Богачи никогда не приглашали меня в свои роскошные особняки, да и сам я, по правде, не проявлял к ним особого интереса. В Чили продажа особняков с молотка стала чем-то вроде национального спорта. Раз в неделю на эти вошедшие у нас в обычай распродажи стекаются толпы людей. У каждого особняка своя судьба. Приходит час, и тому, кто даст больше, достаются те самые чугунные решетки, что преграждали путь мне и всей этой толпе – а я ее неотделимая часть, – и вслед за оградой к новым хозяевам попадают кресла, распятия Христа, старинные портреты, посуда, столовое серебро и даже простыни, на которых зачалась не одна праздная жизнь. Чилийцы любят посмотреть, потолковать, потрогать. А вот таких, чтобы купить, – маловато. Дом рушат, вернее, распродают по частям: покупатели уносят его глаза – окна, его чрево, его внутренности – лестницы, его этажи – ноги, и под конец в дело идут даже пальмы.
В Европе все по-другому, в Европе стараются сохранить дома былых времен. Порой мы встречаем портреты их бывших владельцев – герцогов и герцогинь. Лишь немногим художникам посчастливилось лицезреть герцогинь нагишом, зато теперь мы ценим по достоинству не только саму живопись, но и соблазнительные изгибы женского тела. Мы можем подсмотреть тайну, преступления инквизиторов, разглядеть парики среди этих стен в коврах, что вобрали в себя, подобно разбухшим архивам, столько разговоров и признаний, которые будут прослушаны в электронных кабинках будущего.
Меня пригласили в Румынию, и я поехал к ней на свидание. Писатели привезли меня в свой дом отдыха, стоящий в одном из прекрасных лесов Трансильвании. Прежде это был дворец Кароля II, того сумасброда, о чьих скандальных для королевского рода похождениях говорили везде и всюду. Теперь дворец с прекрасной мебелью и мраморными ваннами был отдан мысли и поэзии Румынии. Я хорошо выспался в постели ее величества королевы румынской, и мы поехали осматривать другие аристократические замки, превращенные в музеи и дома отдыха. Вместе со мной были поэты Жебеляну, Бенюк и Раду Боуряну. Зеленым утром под глубокой тенью елей королевских парков мы громко хохотали, пели нестройными голосами и выкрикивали стихи на разных языках. Румынские поэты, которым пришлось испытать тяжкие страдания под долгим игом монархо-фашистских режимов, самые мужественные и самые веселые поэты в мире. Для меня была настоящим откровением встреча с этими трубадурами, такими румынскими, как певчие птицы их лесов, такими решительными в своем патриотизме, такими стойкими в своей революционности и хмельно влюбленными в жизнь. Мало где мне случалось найти за короткий срок так много друзей.

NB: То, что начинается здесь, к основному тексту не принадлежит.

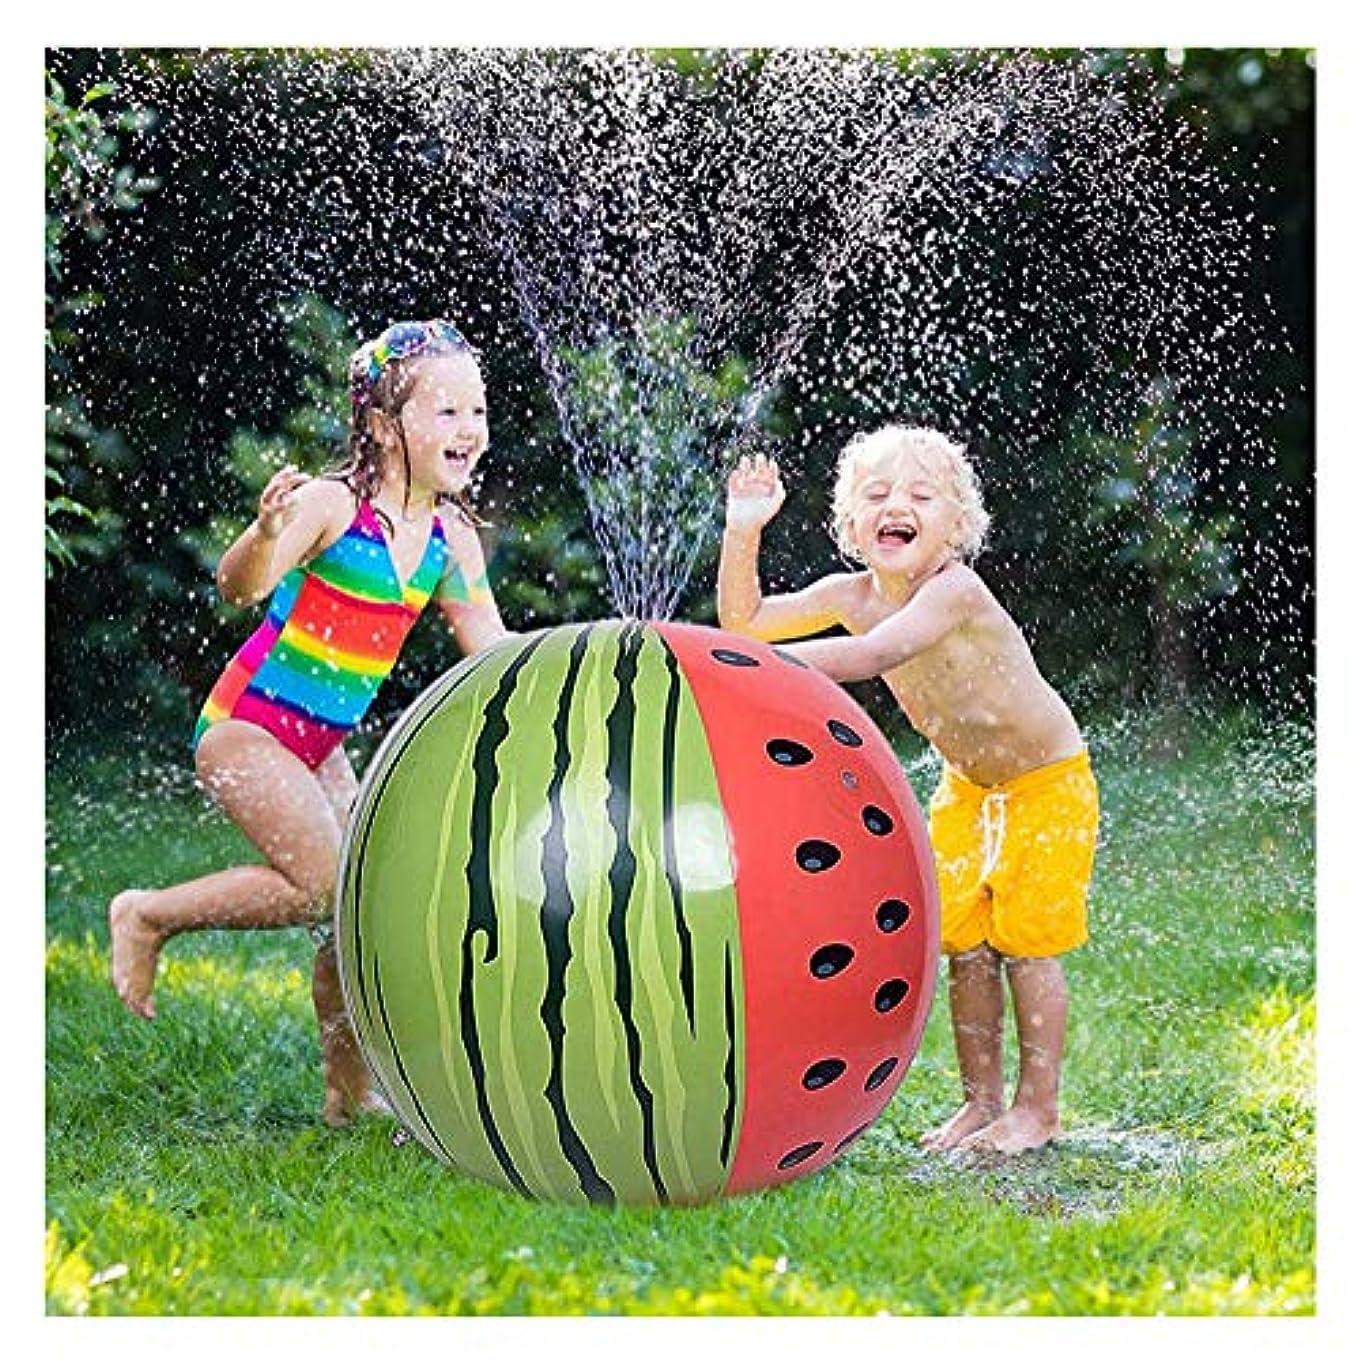 消去拷問有用水は屋外の芝生スプラッシュ用ボール、キッズインフレータブルビーチボールスプリンクラーを、スプレーやおもちゃスプレー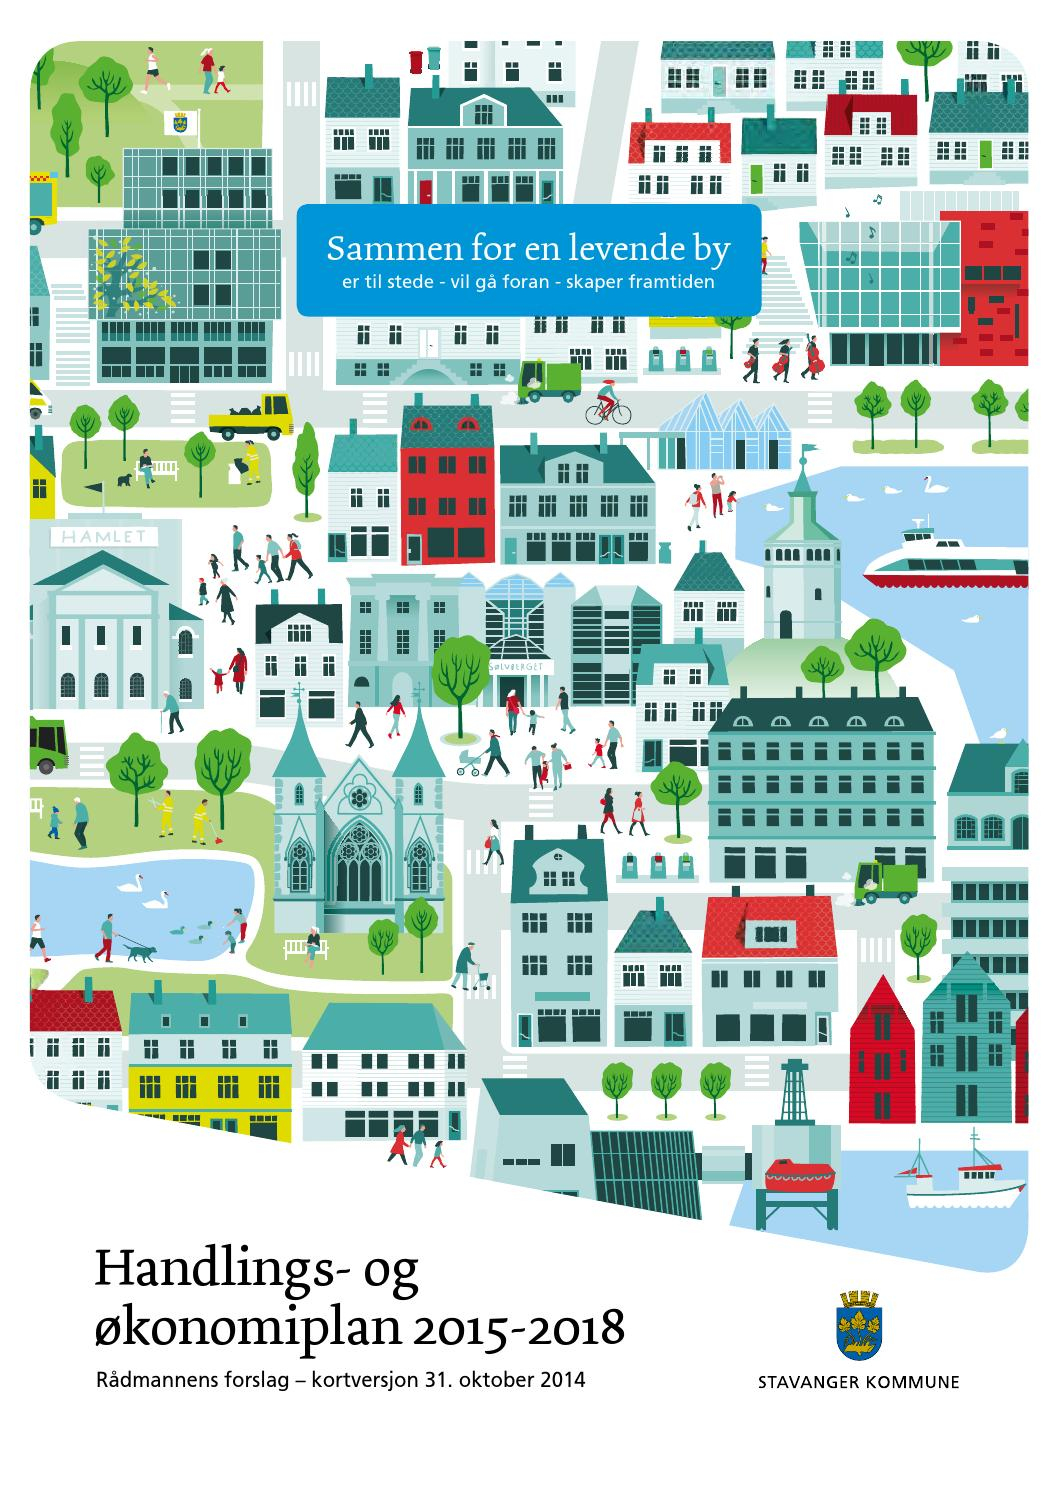 Handlings Og Okonomiplan 2015 2018 Og Budsjett 2015 By Stavanger Kommune Issuu

Румынским поэтам очень понравился мой рассказ о том, как я познакомился с другим аристократическим дворцом в самый разгар гражданской войны в Испании. Это был дворец Лириа в Мадриде. Пока Франко, продвигаясь вперед вместе с итальянцами и марроканцами с черными фашистскими свастиками, убивал во имя «святого дела» своих соотечественников, милисиано заняли этот дворец, который я столько раз видел, проходя по Аргуэльесу в 1934 и в 1935 годах. Из окна автобуса я почтительно смотрел на дворец, но отнюдь не из-за вассальской преданности новым герцогам Альба, которые уже не могли повелевать мною, американским поэтом-полуварваром, просто меня приводили в волнение его величественные саркофаги – белые и безмолвные.
Когда началась война, герцог остался в Англии, потому что его подлинная фамилия – Бервик. Он остался там со своими лучшими картинами и драгоценностями. Припомнив этот герцогский побег, я рассказал румынским друзьям, что после освобождения Китая последний отпрыск Конфуция, наживший состояние на храме и костях усопшего философа, отбыл на Формозу,[201]
прихватив с собой картины, столовое белье, посуду и, разумеется, священные кости великого предка. Должно быть, он живет там припеваючи, взимая входную плату за осмотр великих реликвий.В те дни из Испании во все концы света неслись устрашающие вести: «Исторический дворец герцога Альбы, разграбленный красными», «Ужасающая картина разрушения», «Спасем историческое сокровище».
Немецкие самолеты уже сбросили первые бомбы на Мадрид.